The data: Begin
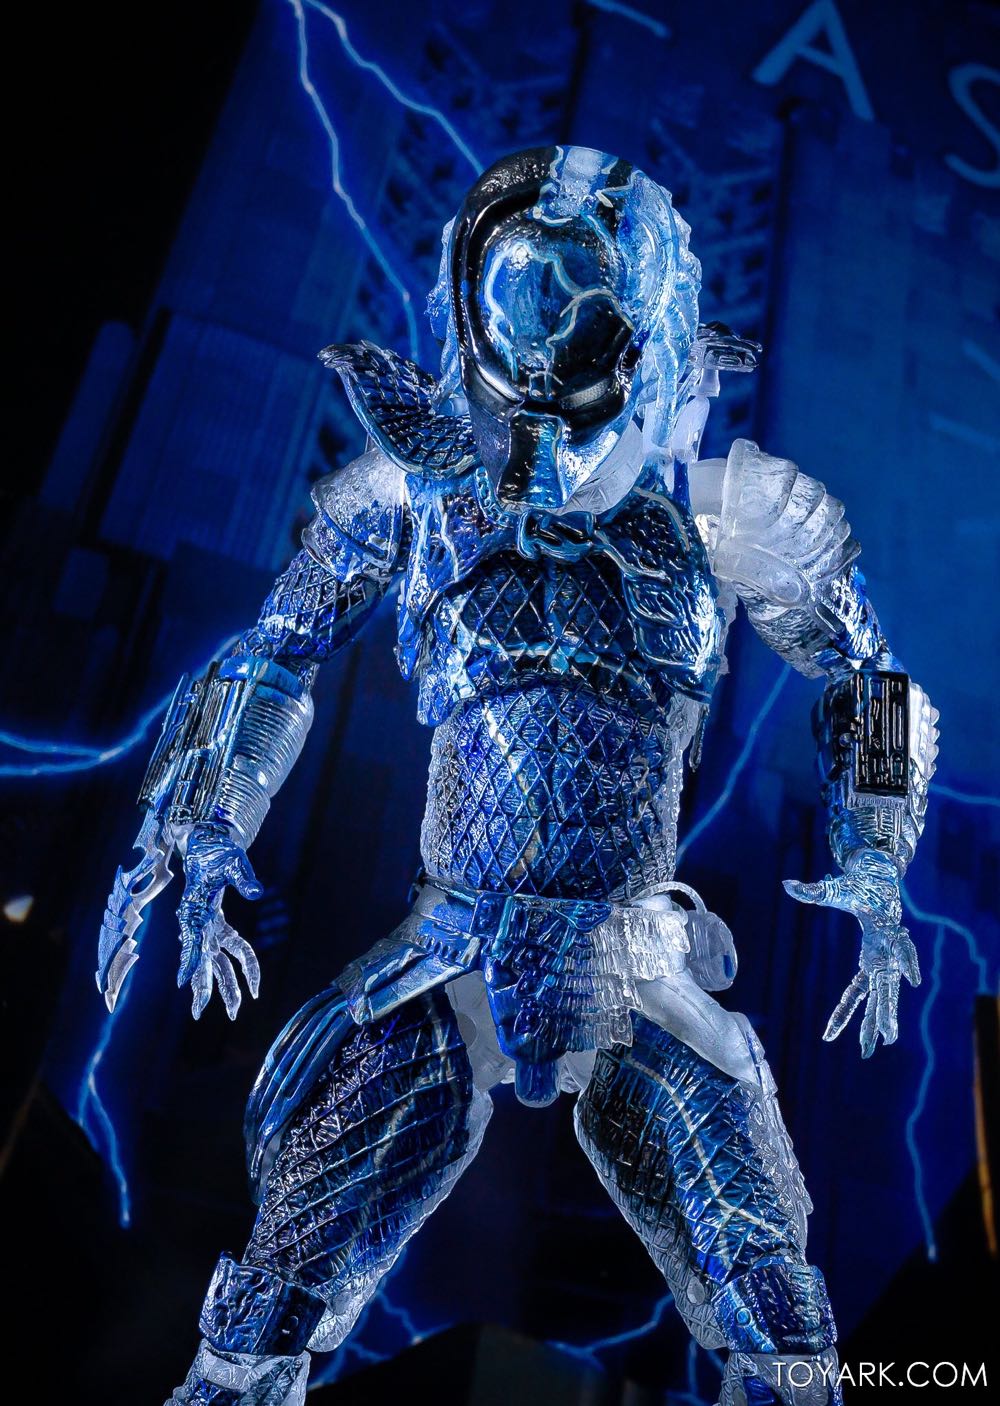 Neca - Ultimate City Demon (Predator 2) - Neca (Predator 2) action figure collectible [Barcode 634482515884] - Main Image 4
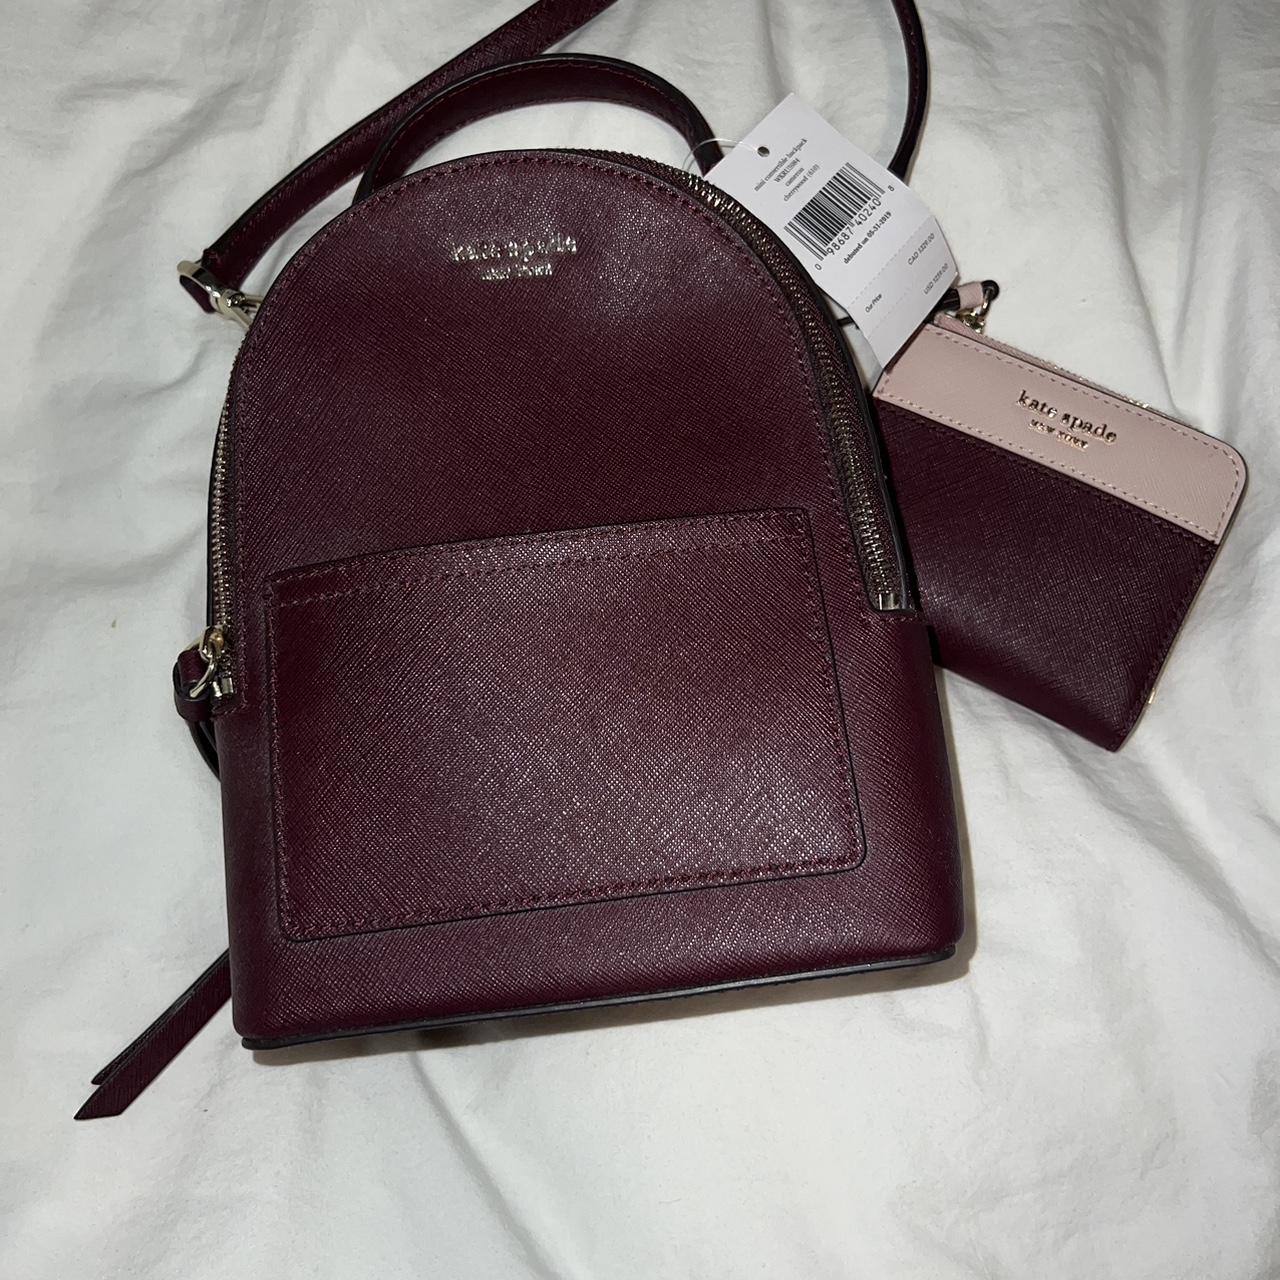 Kate spade crossbody bag and matching wallet - Depop
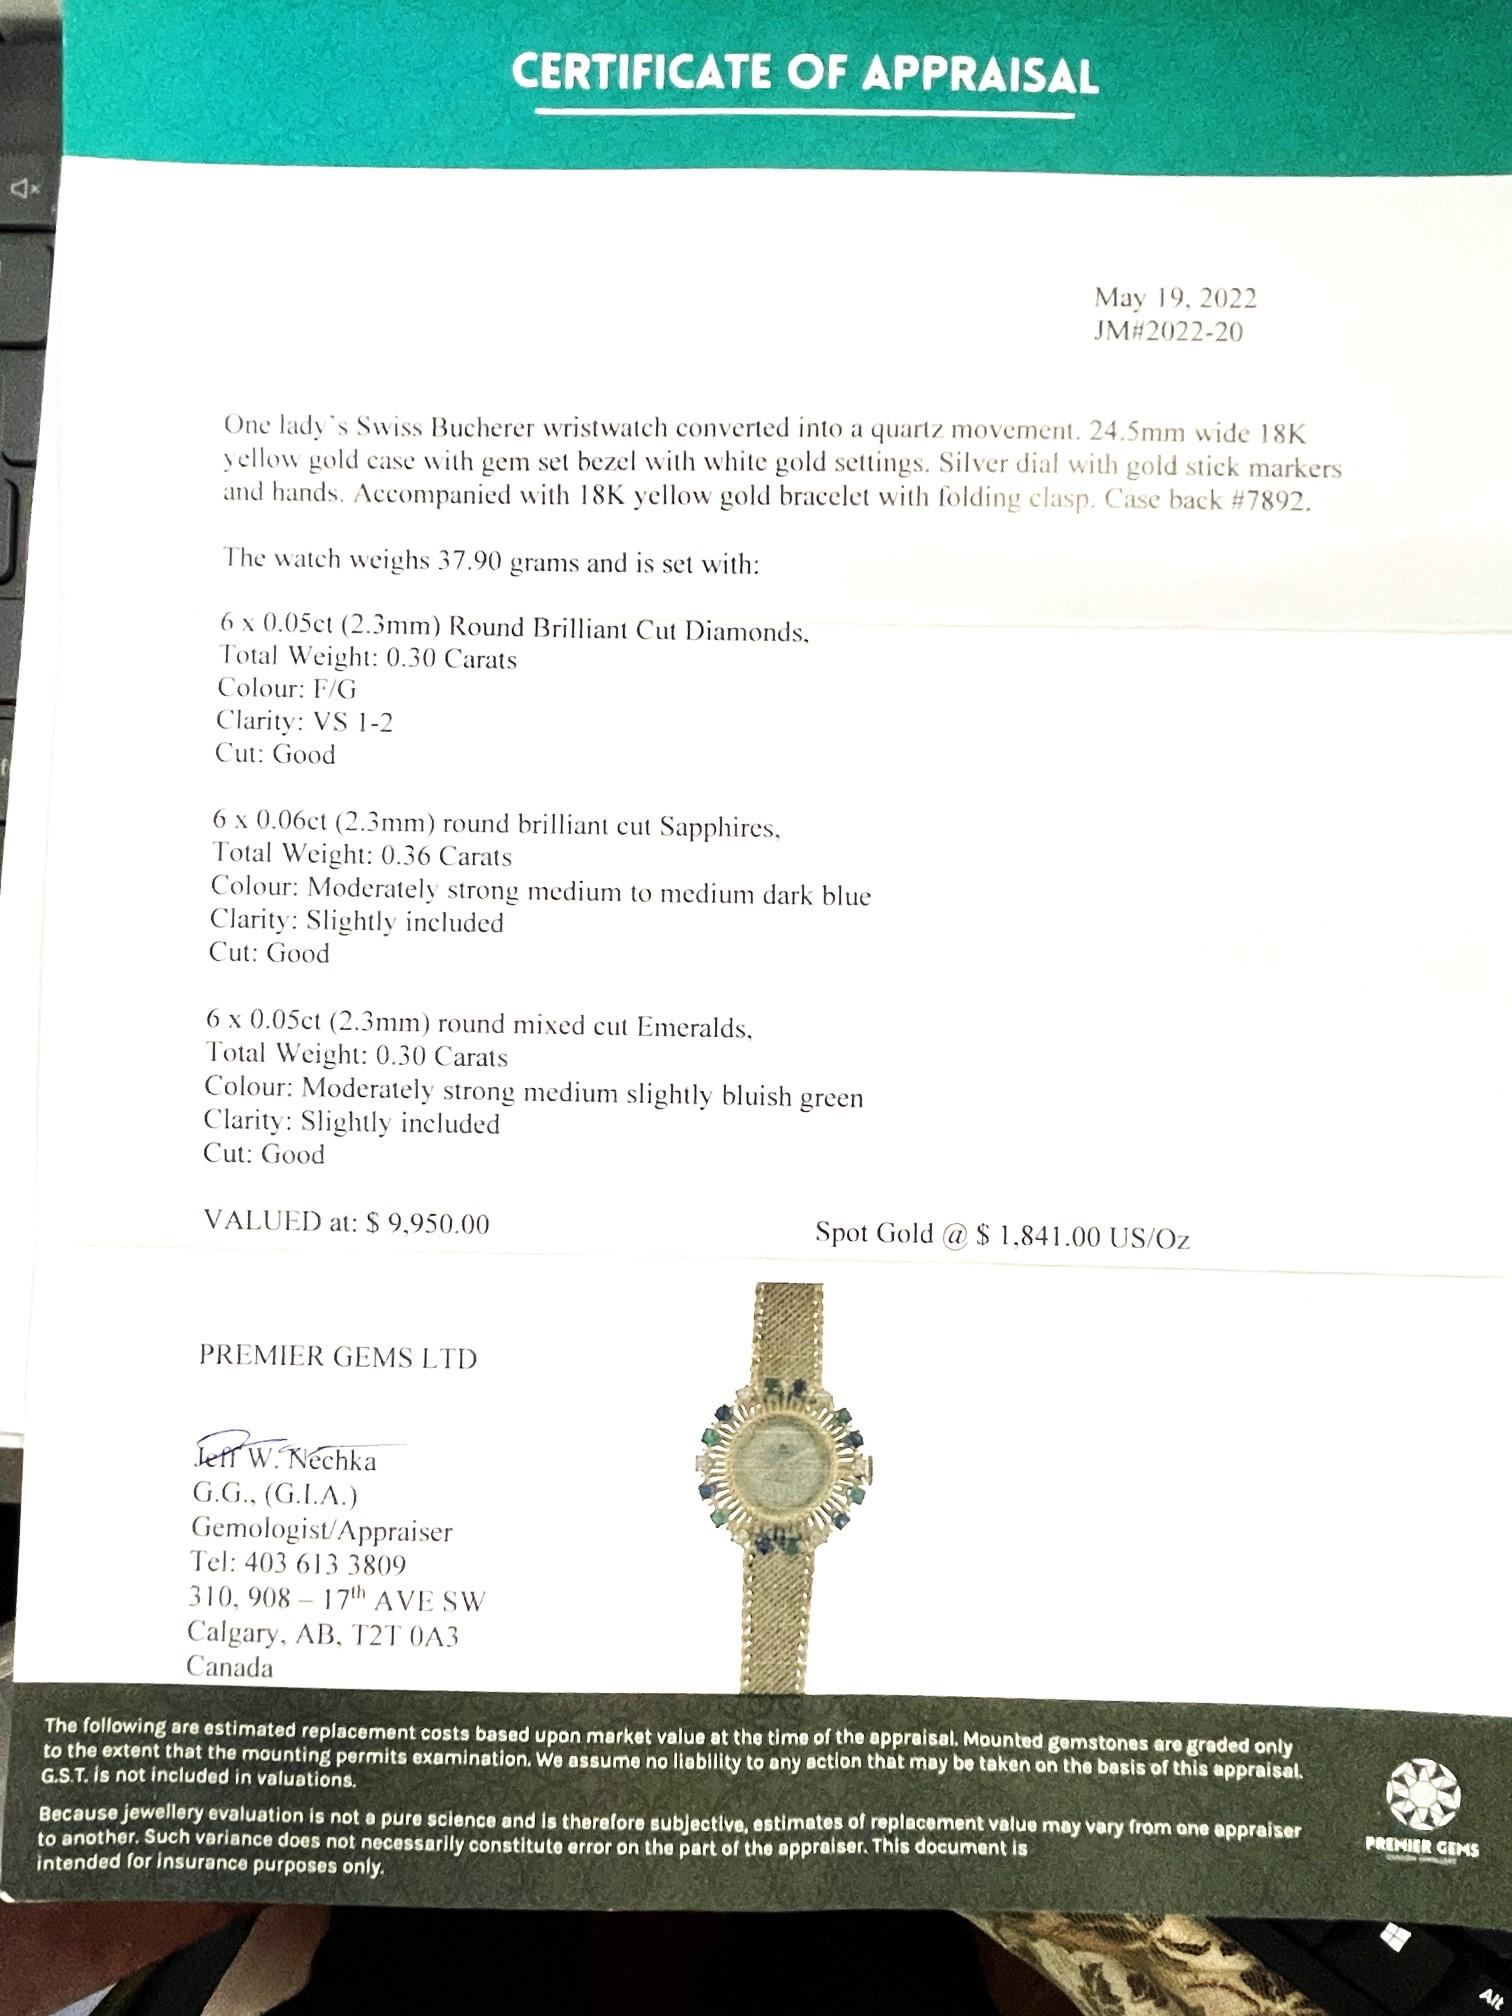 18k Bucherer Quartz Watch with Diamonds, Sapphires & Emeralds with GIA Appraisal 7
The data: End
• [What is expected]
Pictures are to be dropped, and the lines from the line with "Kate spade crossbody" through the end of the material above are to be reproduced exactly.

• [Answer area]
 Kate spade crossbody bag and matching wallet - Depop
 18k Bucherer Quartz Watch with Diamonds, Sapphires & Emeralds with GIA Appraisal 7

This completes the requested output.